Metadata is often defined as ‘data about data’. High-quality metadata is important in making data FAIR:

  • Findable: metadata is the starting point for searching data collections. For example, if we want to find data in a particular language, this will only be possible for data that has a language recorded in its metadata. (Tracking languages is in itself problematic, see example.)
  • Accessible: access conditions that apply to data should be part of the associated metadata.
  • Interoperable: information about the format of data and whether it requires specific software to be usable should be part of the associated metadata.
  • Reusable: all of the aspects of metadata mentioned above contribute to making data reusable. The more we know about some data, the easier it is to know whether it will be useful to us or not.

RO-Crates in general have basic metadata requirements, but it is possible to specify a profile for crates for specific purposes. LDaCA is developing such a profile for our data; we are basing this largely on previous work in the area. An important aspect of the RO-Crate approach is that it uses the principles of Linked Open Data. This means that terms used in our metadata will (whenever possible) link to an openly available definition. In developing the profile, we are drawing on two existing attempts to provide vocabularies for describing language data.


The Open Language Archives Community is an international partnership of institutions and individuals; one of their activities is developing consensus on best current practice for the digital archiving of language resources and this includes making recommendations for metadata.
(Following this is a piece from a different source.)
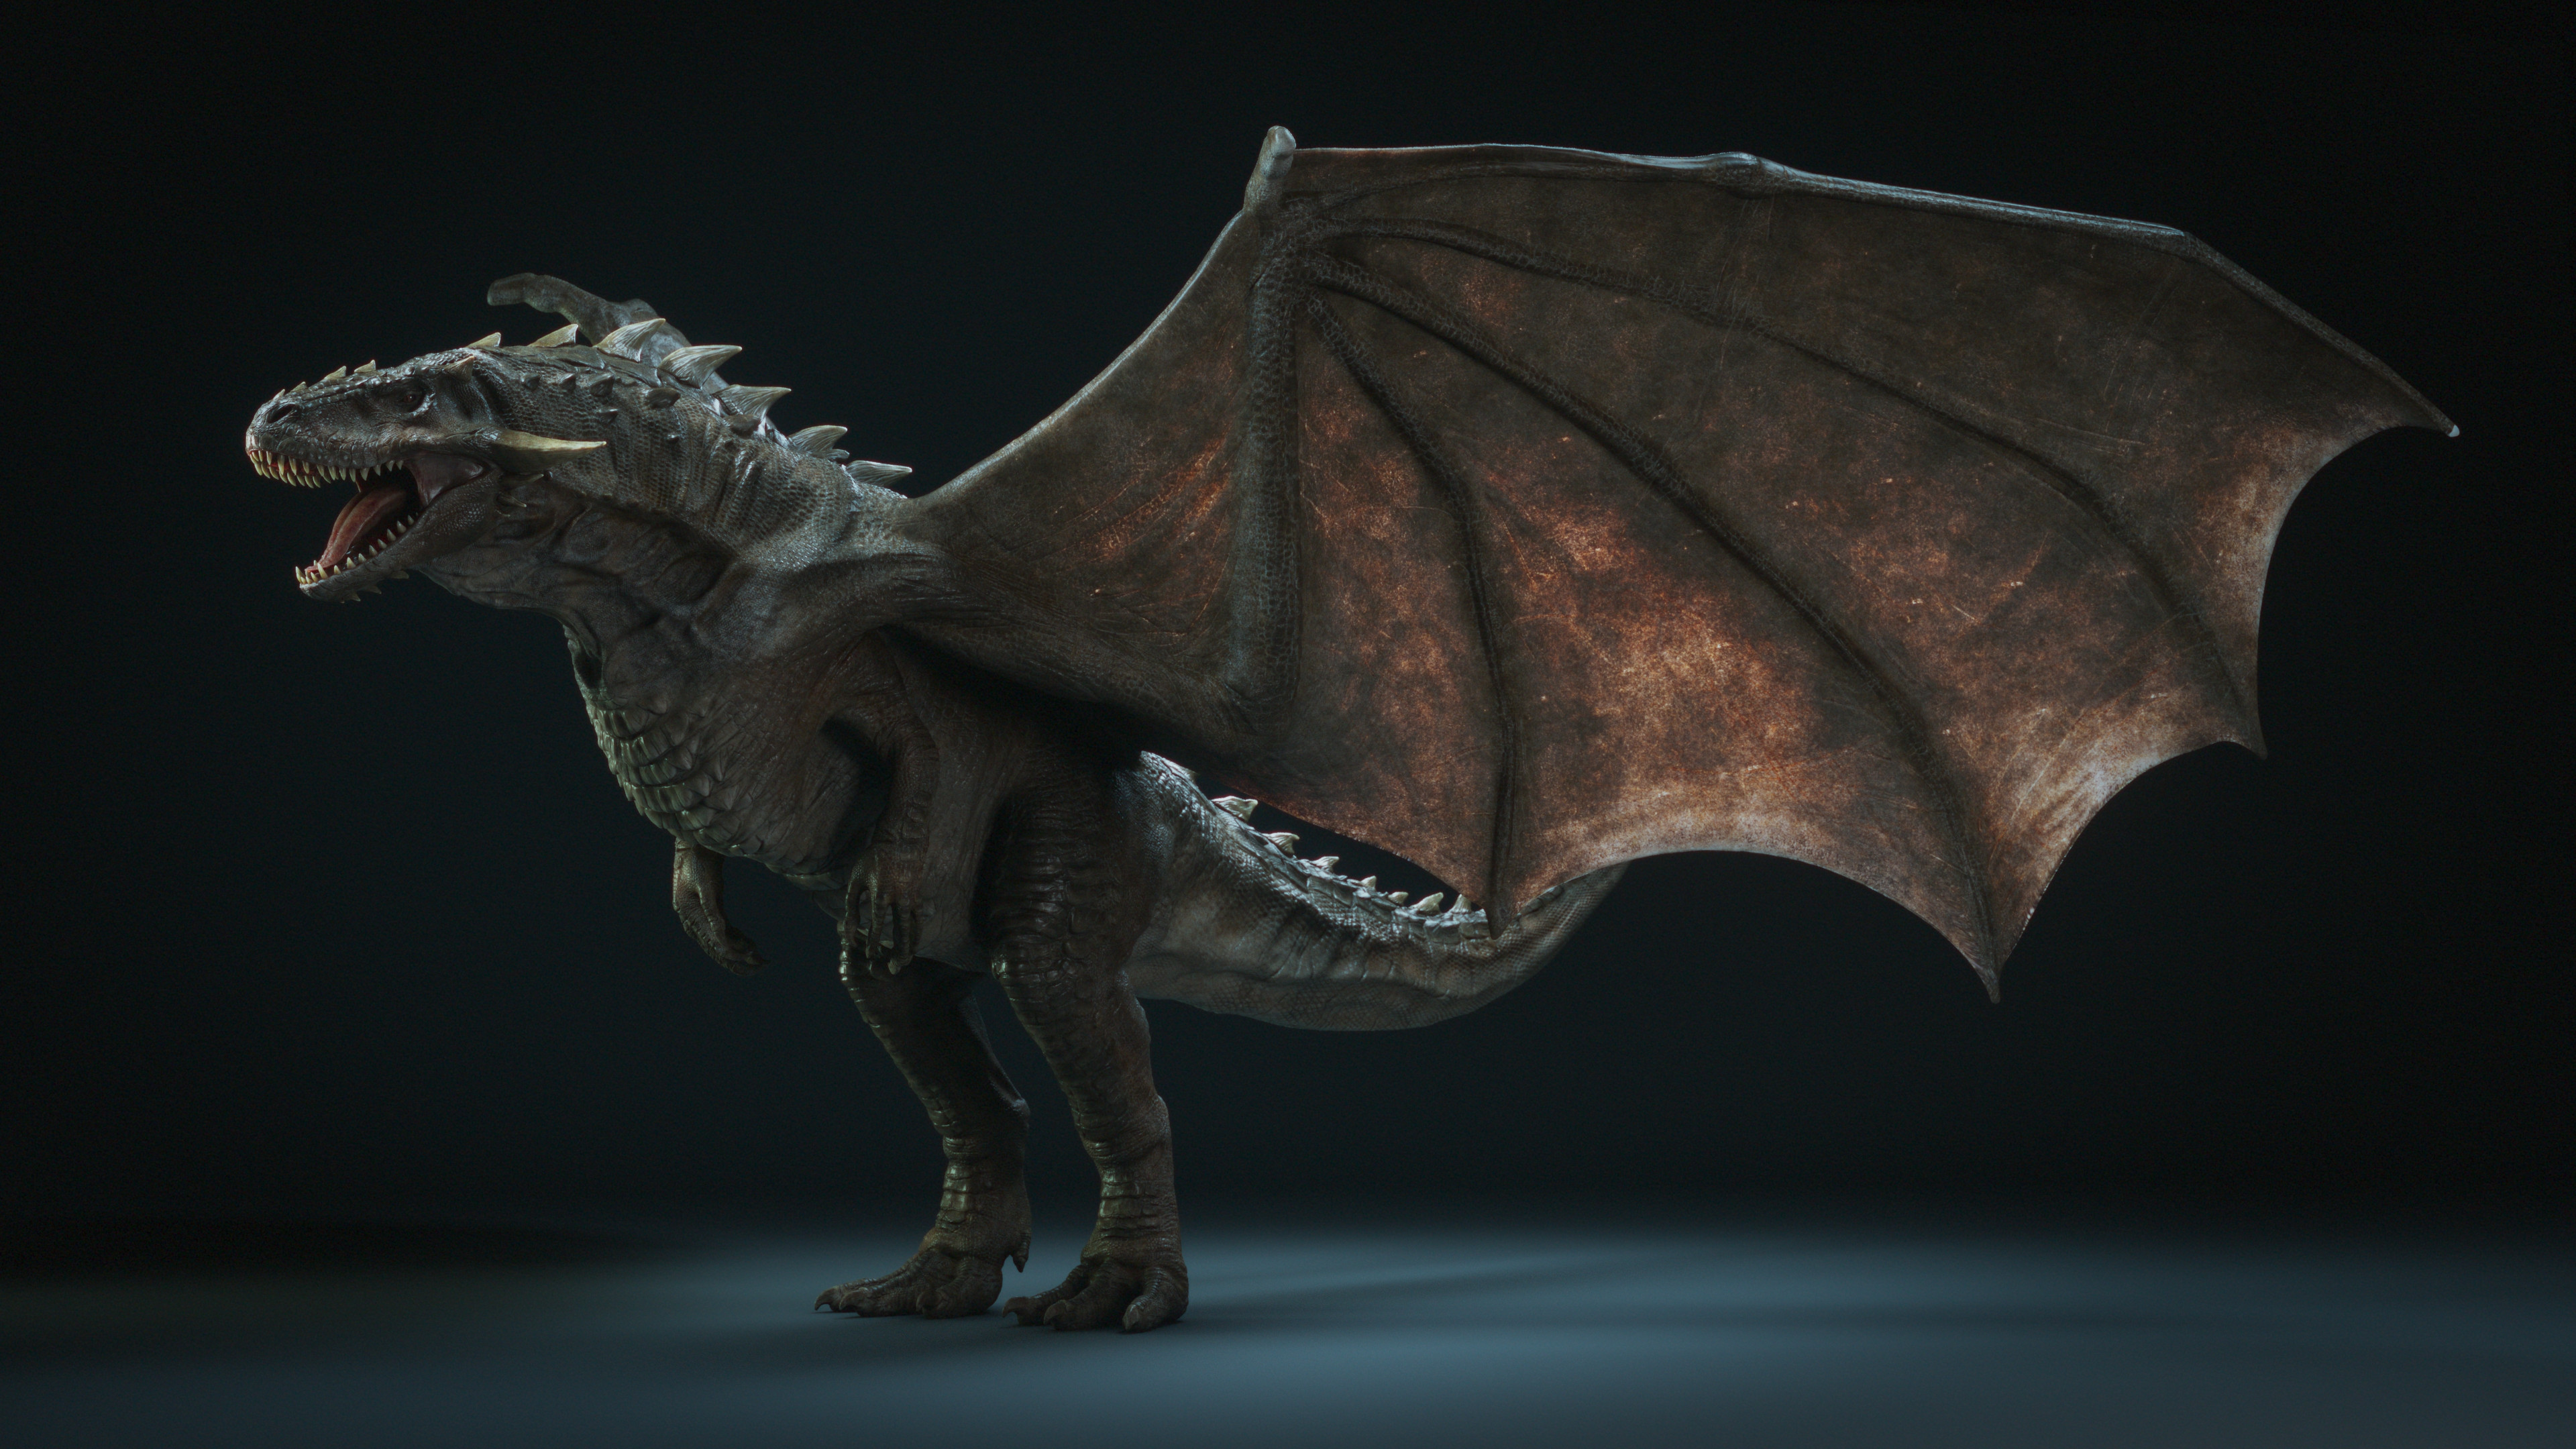 Early render created to test the texturing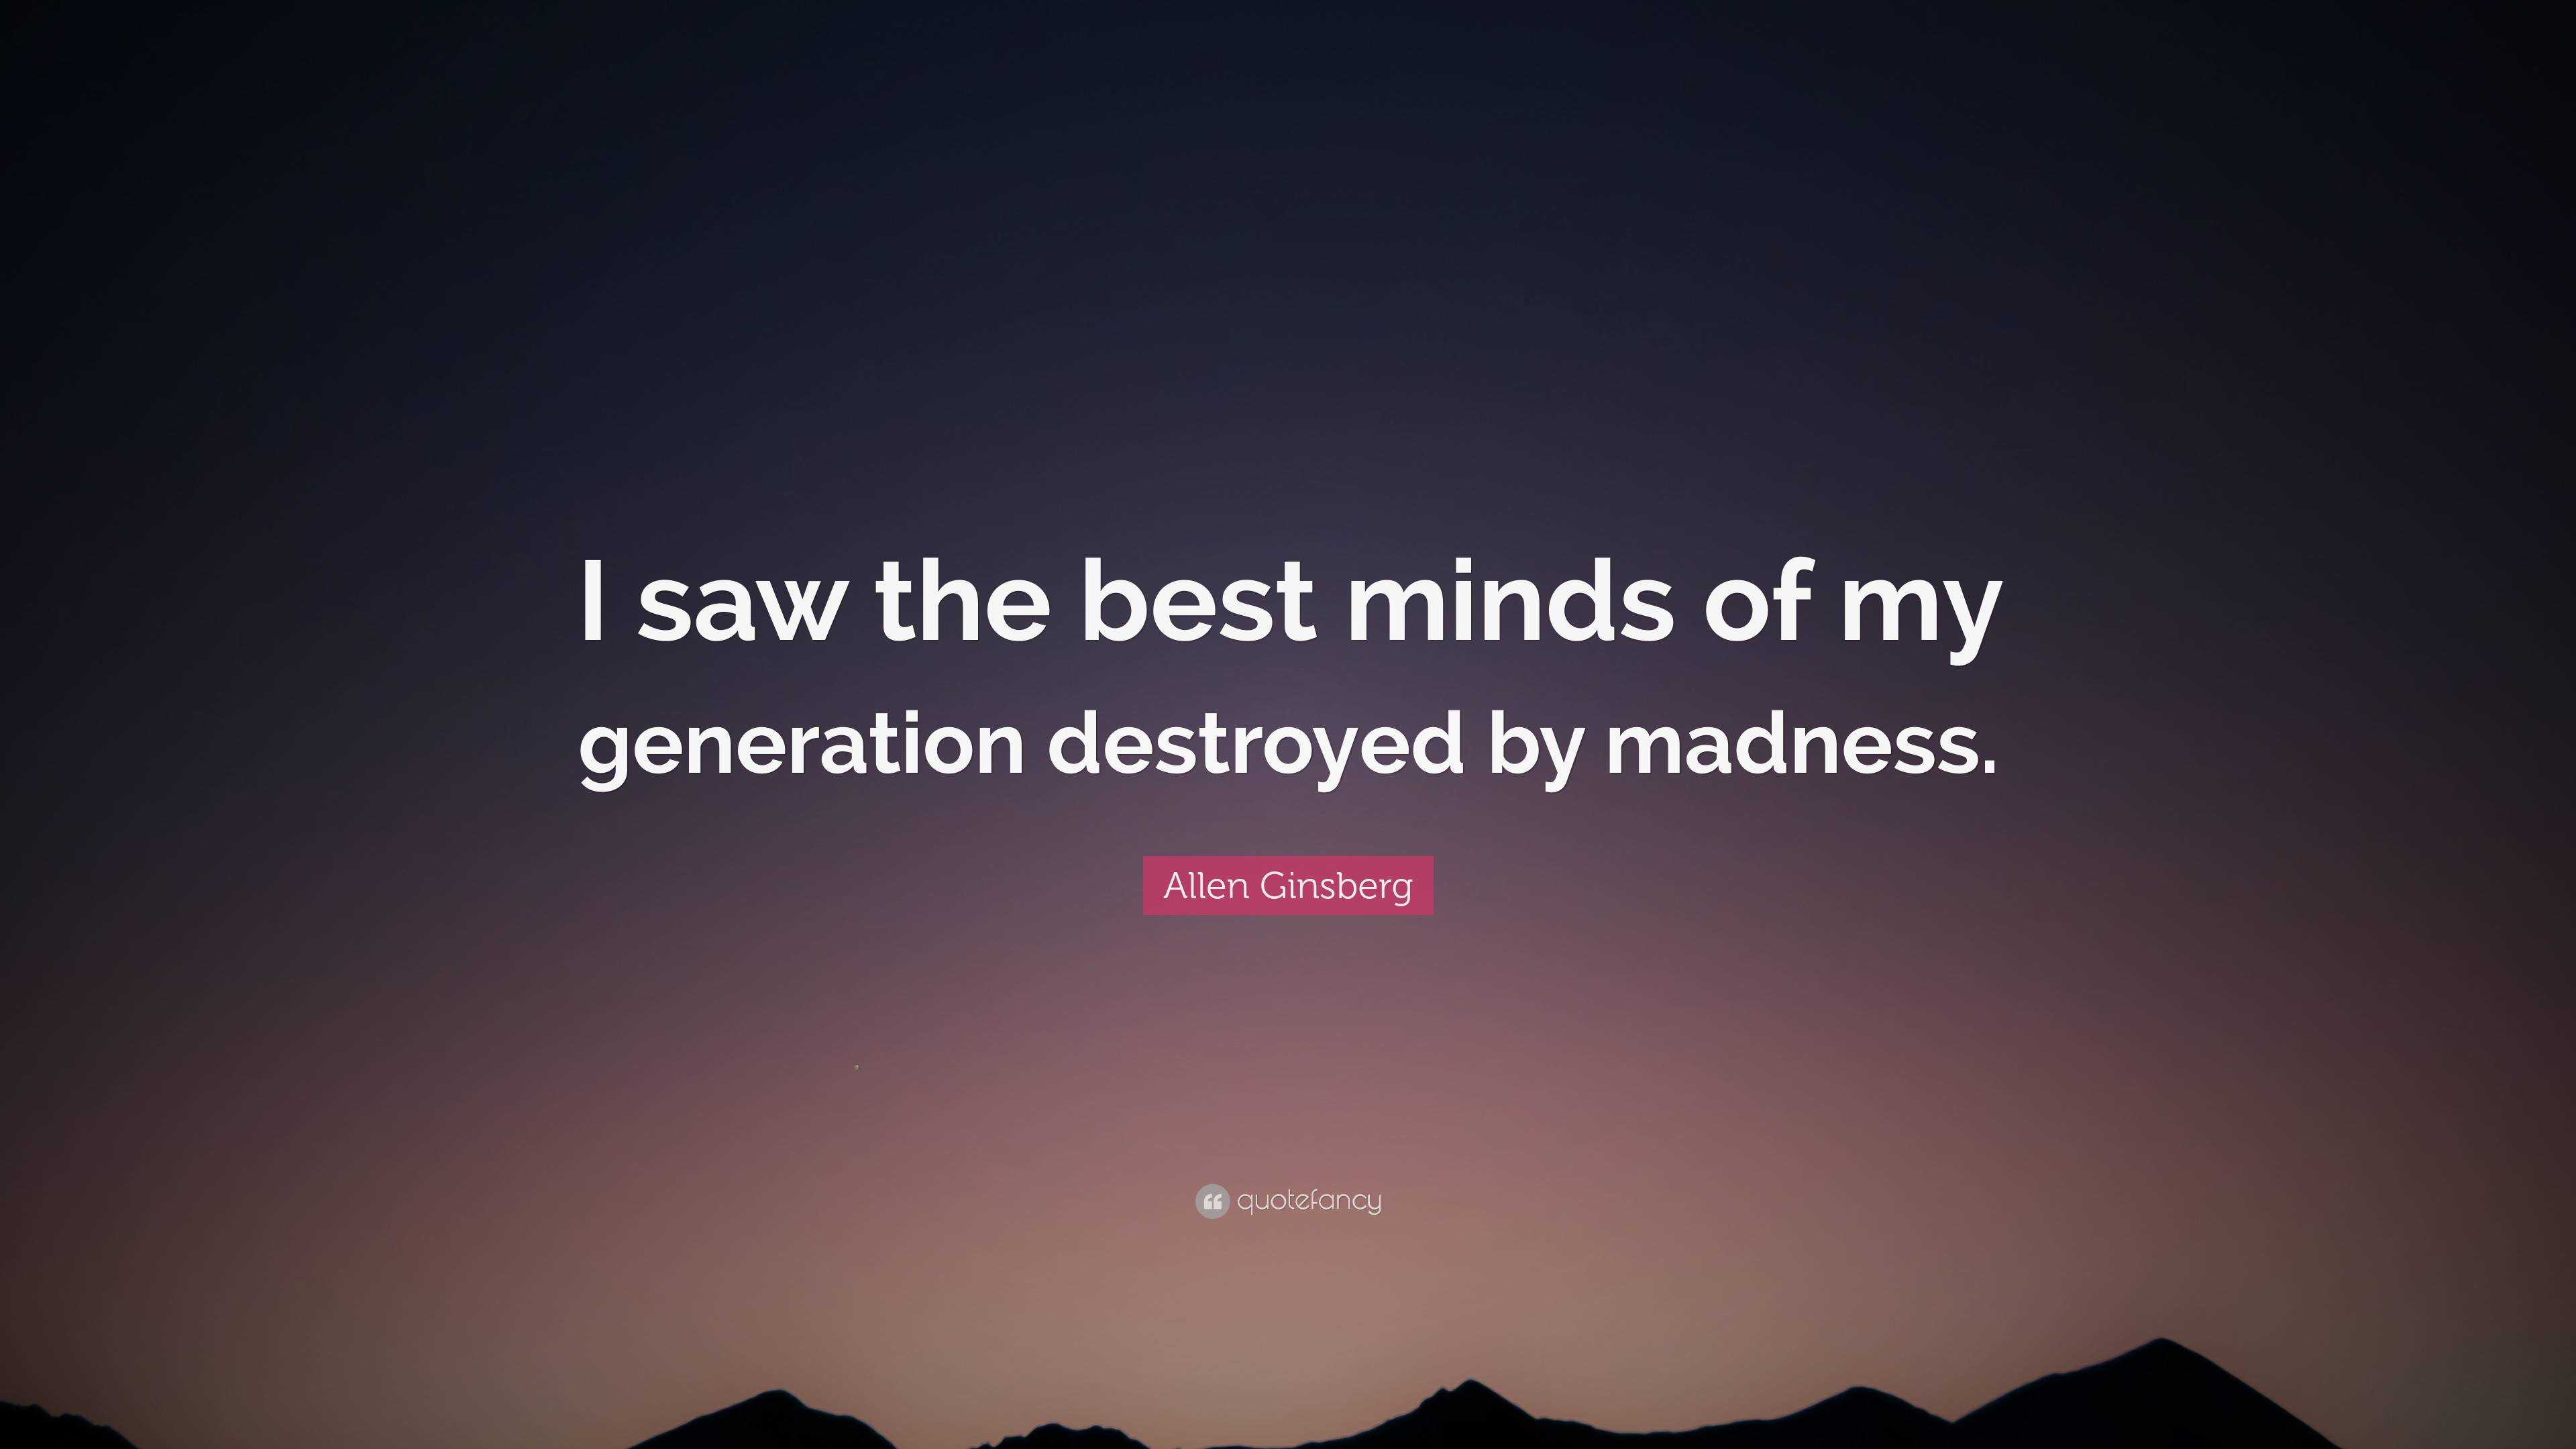 Allen Ginsberg Quote: “I saw the best minds my generation by madness.”

The OLAC metadata scheme is based on Dublin Core (DC), a widely used general metadata schema. OLAC have suggested refinements and extensions of the DC base which make it more useful for describing language resources.


The Component Metadata Infrastructure was developed within the CLARIN project. It draws on the earlier ISLE Metadata Initiative (IMDI), but where IMDI attempted to specify a comprehensive scheme for (multimodal) language data, CMDI adopts a more flexible approach where components are assembled into reusable profiles. This is very similar to the RO-Crate approach described above but with an important difference: the components of a CMDI profile are all drawn from a central registry, whereas components of an RO-Crate profile come from any linkable location.

LDaCA’s vocabulary for describing language data is available in our Github repository. A presentation with more explanation and exemplification of the vocabulary is under development.